● Exercise instructions
What you give back from the listing below should be an exact copy of the lines from the one with "Amortisseur antivibration pour" down to the one with "D osztály osztályfőnöke", and it should contain no pictures.

● Source material

+++++

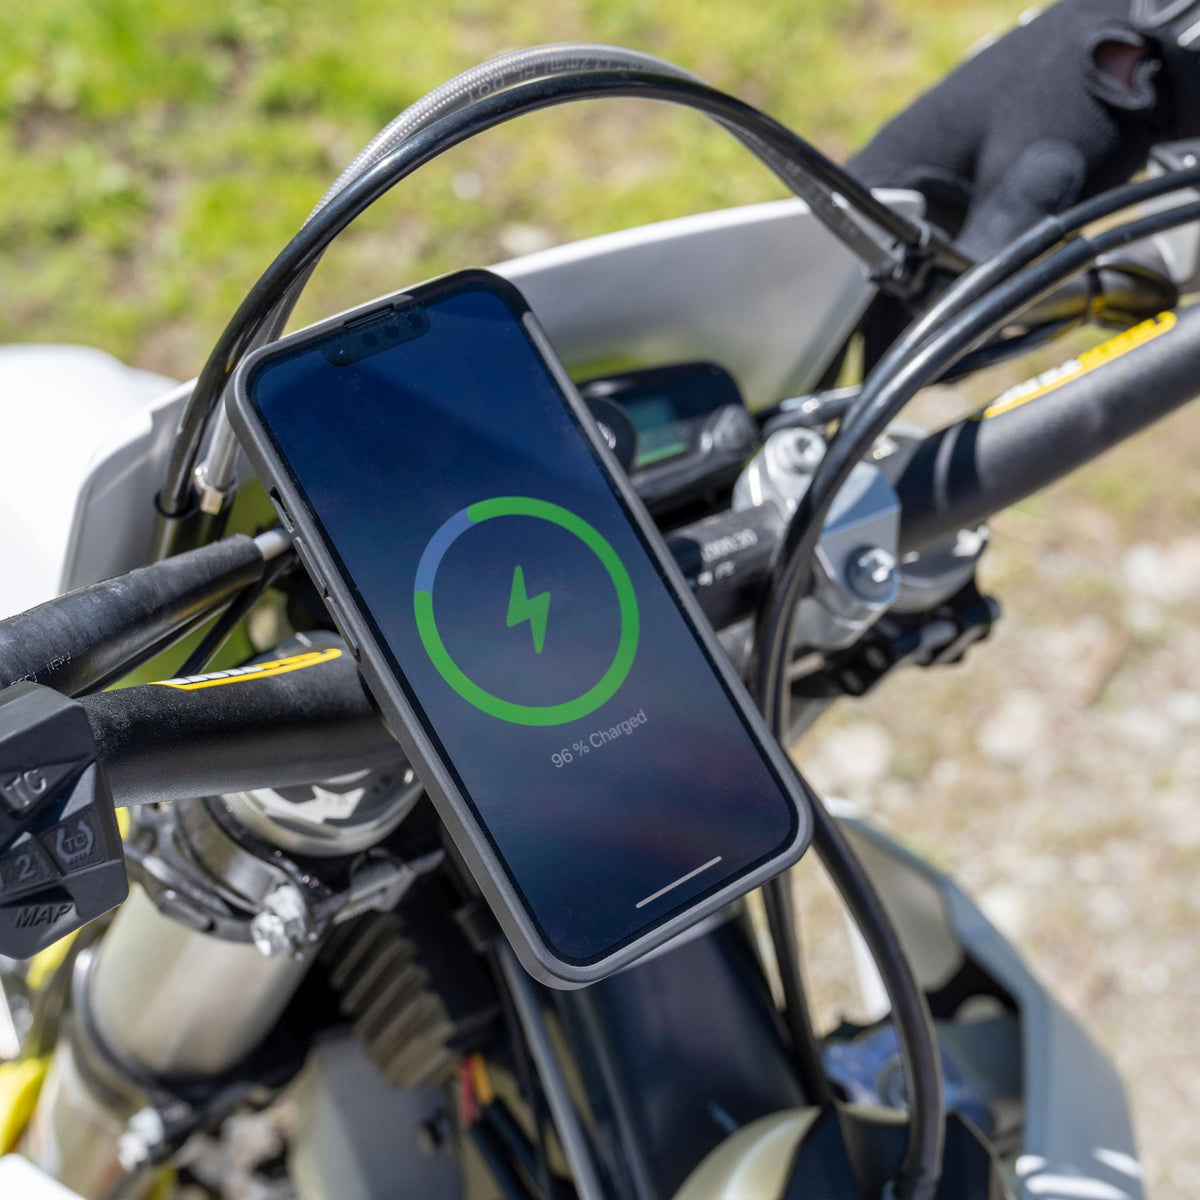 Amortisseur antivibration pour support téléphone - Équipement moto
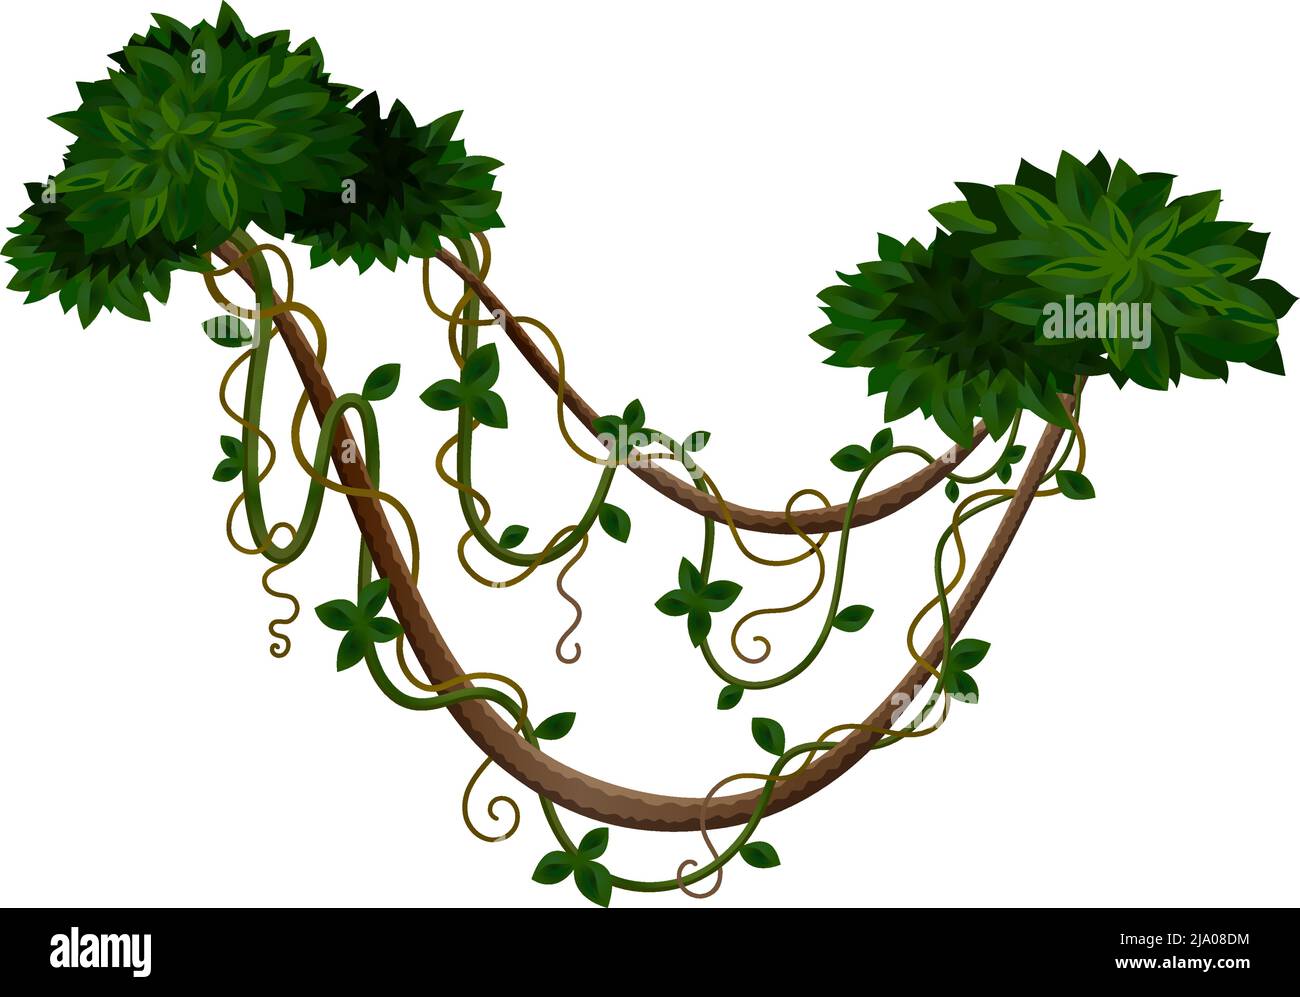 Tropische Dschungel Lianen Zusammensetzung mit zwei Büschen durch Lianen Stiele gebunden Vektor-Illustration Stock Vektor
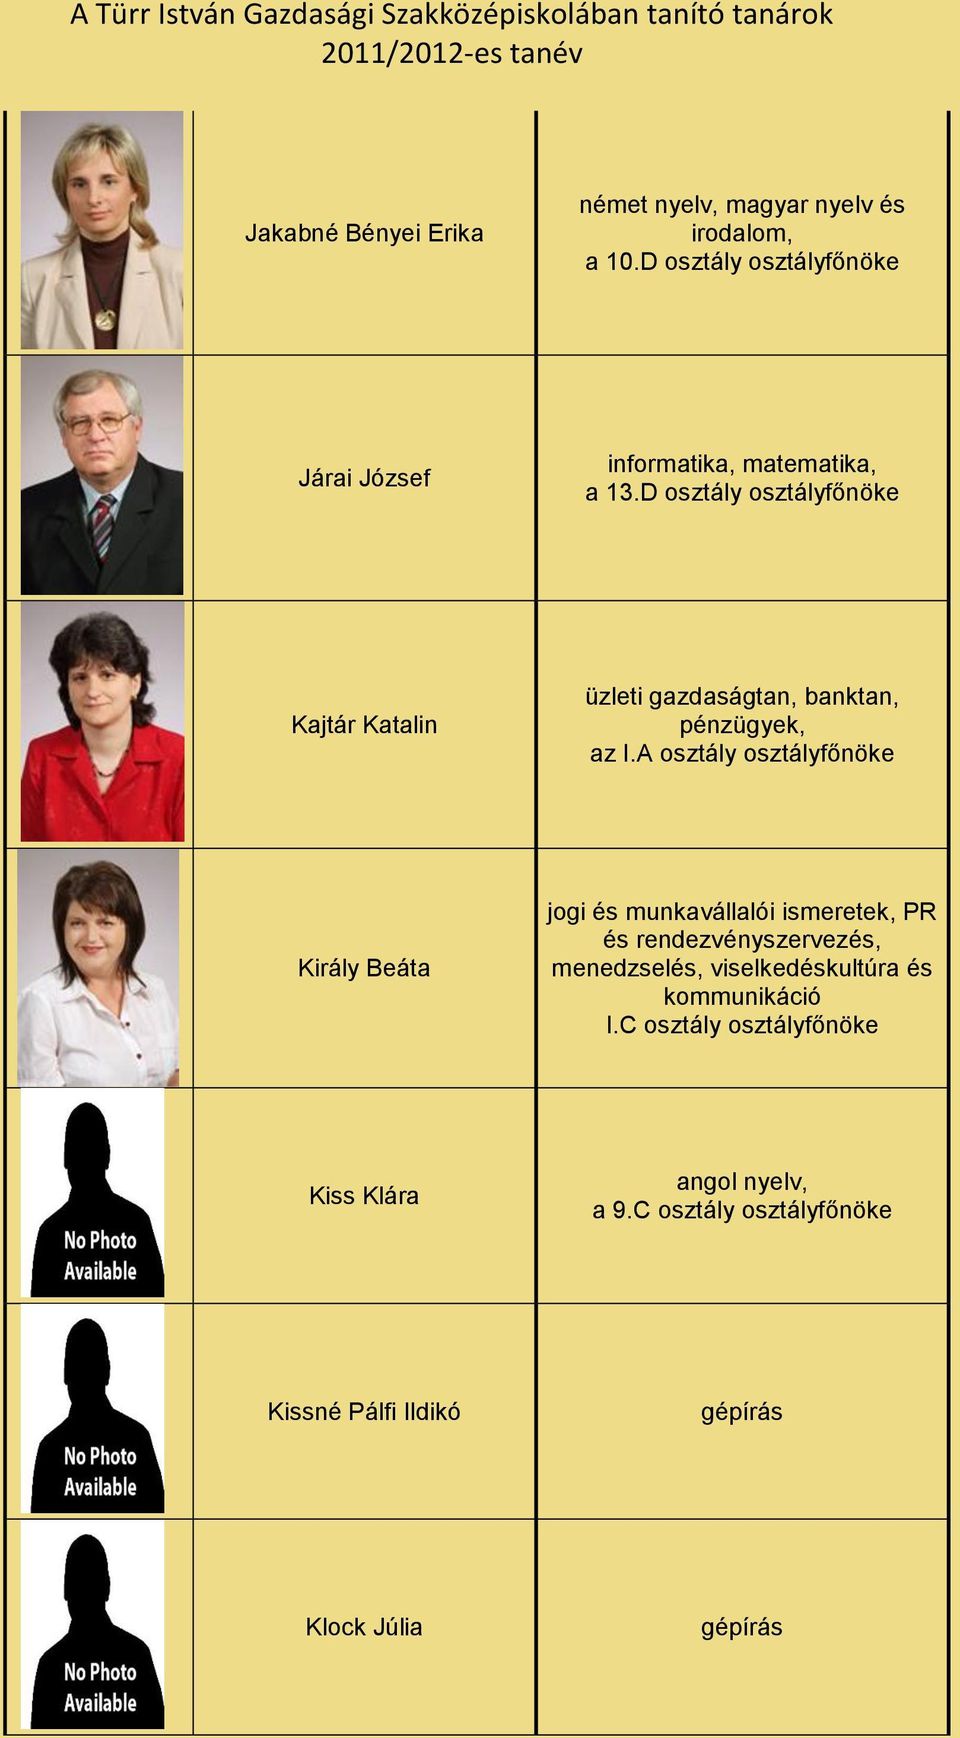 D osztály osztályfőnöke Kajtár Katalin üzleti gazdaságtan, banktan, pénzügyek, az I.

+++++

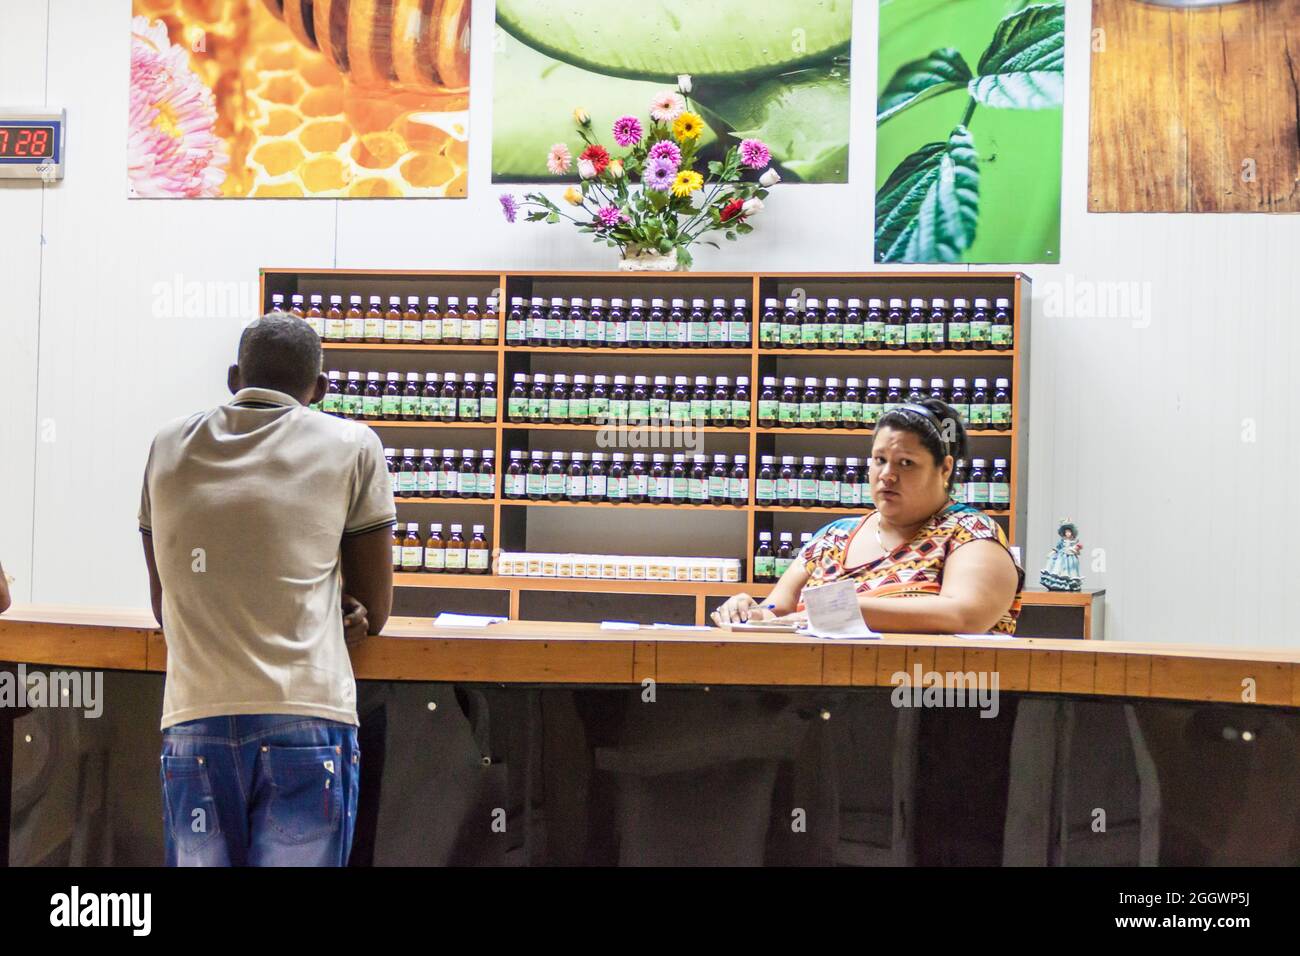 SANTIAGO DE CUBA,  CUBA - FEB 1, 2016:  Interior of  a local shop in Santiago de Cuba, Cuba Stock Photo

+++++

● Answer section
 Amortisseur antivibration pour support téléphone - Équipement moto
 Tropische Dschungel Lianen Zusammensetzung mit zwei Büschen durch Lianen Stiele gebunden Vektor-Illustration Stock Vektor
 D osztály osztályfőnöke Kajtár Katalin üzleti gazdaságtan, banktan, pénzügyek, az I.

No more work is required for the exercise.